16 December, 2000
Automated Geophysical Observatory (AGO)
Occasionally, we get people passing though the South Pole Station on their way to remote sites in Antarctica. Today 6 such people were in town; the AGO folks (pronounced EH-go). There are 6 Automated Geophysical Observatory (AGO) sites around Antarctica (see map). The sites are located long a straight line, from the geomagnetic south pole: the point where the field lines appear to gather from space. This is a slightly different location from the magnetic south pole, and is important for the solar wind observations in the upper atmosphere.
Each AGO site has a small 8’x8’x16’ building which houses everything the observatory needs to run for the next year. Outside of the building are antennae that receive the signals that will be collected and analyzed. Each station collects meteorological data (temperature, pressure, wind speed and direction) in addition to seismic data, and information about the solar wind and magnetic field. One main goal of these sites is to observe the interaction between the solar wind and the Earths magnetic field. The AGO sites are uninhabited, with the exception of a few weeks in the summer when a few people go to these sites to collect the data that the observatory has been gathering in the last year, and do any maintenance on the facility.
The site is reached by a modified DC3, that is equipped with skis and can land on unprepared snow.
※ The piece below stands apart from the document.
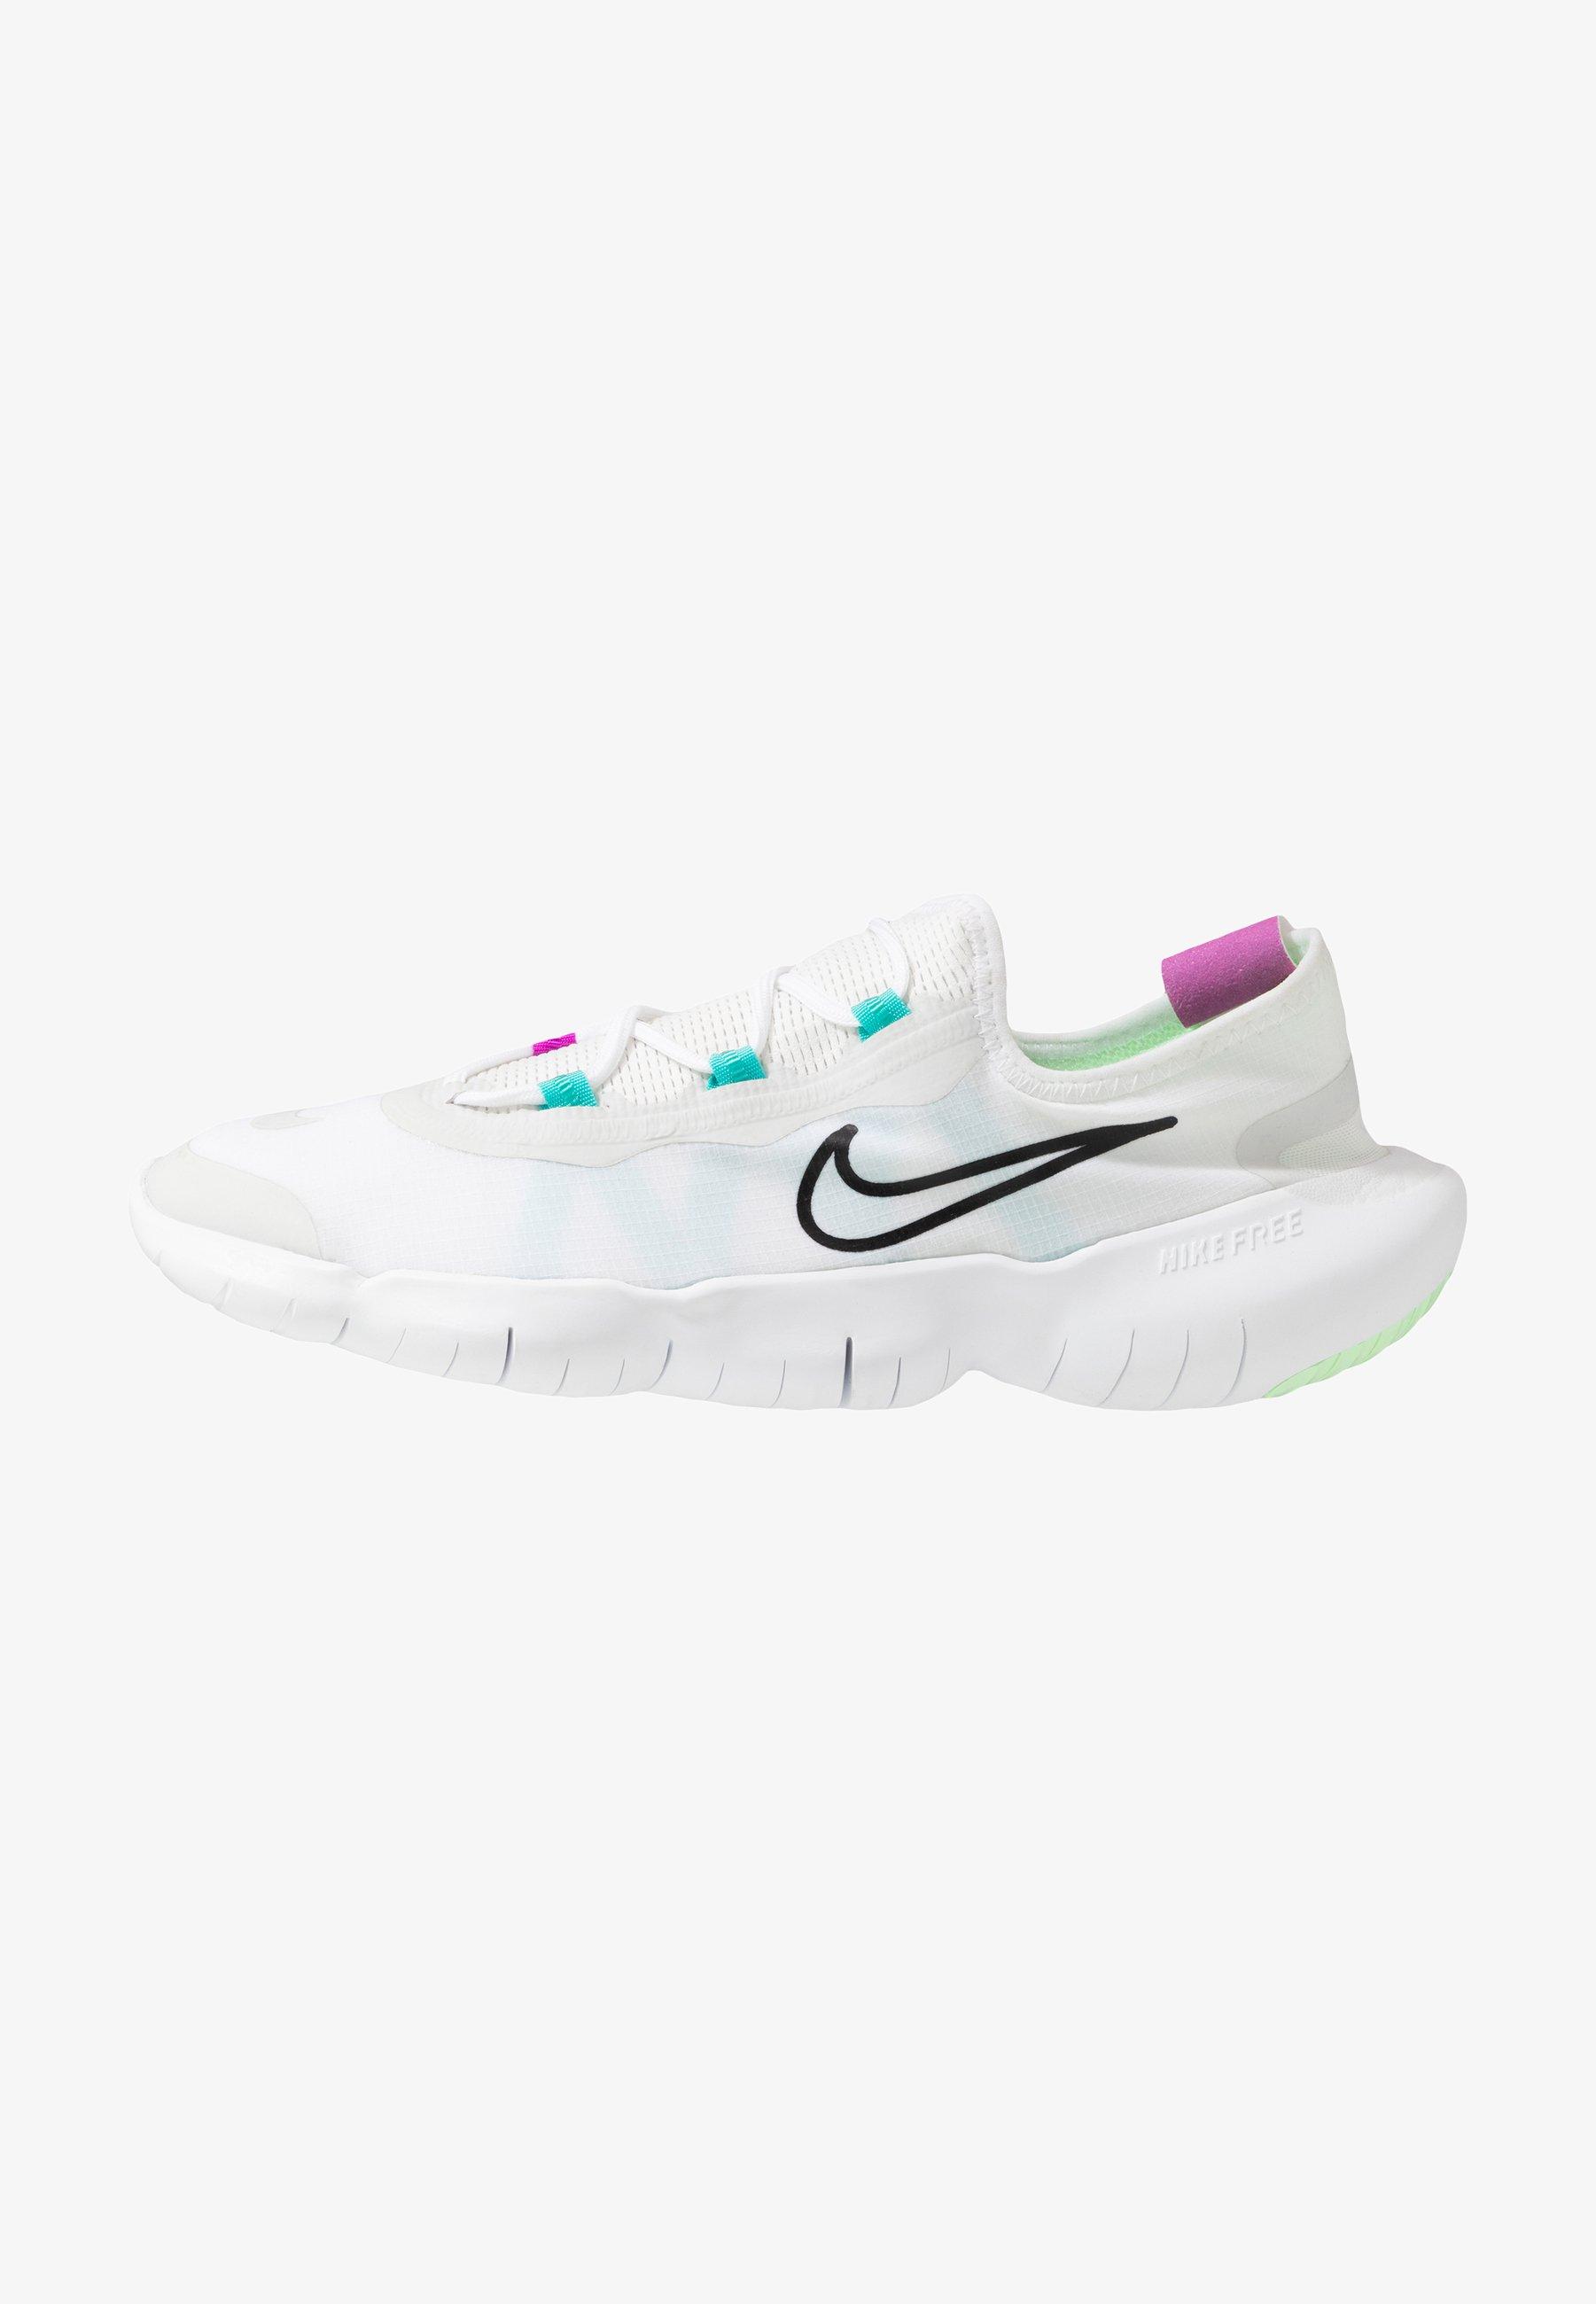 borroso Cap Vatio  Nike Performance FREE RN 5.0 2020 - Minimalist running shoes -  white/black/summit white/white - Zalando.co.uk

The sites are small, and are difficult to see before the plane gets to the building. The site locations are known precisely, and a global positioning system (GPS) is necessary to find them. Once the DC3 has dropped off the AGO crew, they make camp. They live in small tents, since the AGO buildings aren’t big enough for living quarters. During the time that the crew is at an AGO site, they prepare a landing strip for an LC-130. The large cargo planes will come in to drop off large amounts of fuel that will keep the observatory running for the next year, and pick up the crew. The fuel is too heavy to be brought in by the DC3. The fuel is offloaded from the back of the LC-130 while the plane is moving. The plane slows down and opens the door at the back of the cargo bay as it taxis down the skiway, and then suddenly speeds up when it reaches the place where the fuel needs to be. The inertia of the fuel results in it sliding out the back of the plane. The fuel is put in the proper location for the next year, and then the AGO crew says goodbye to the station for another year and moves to the next site.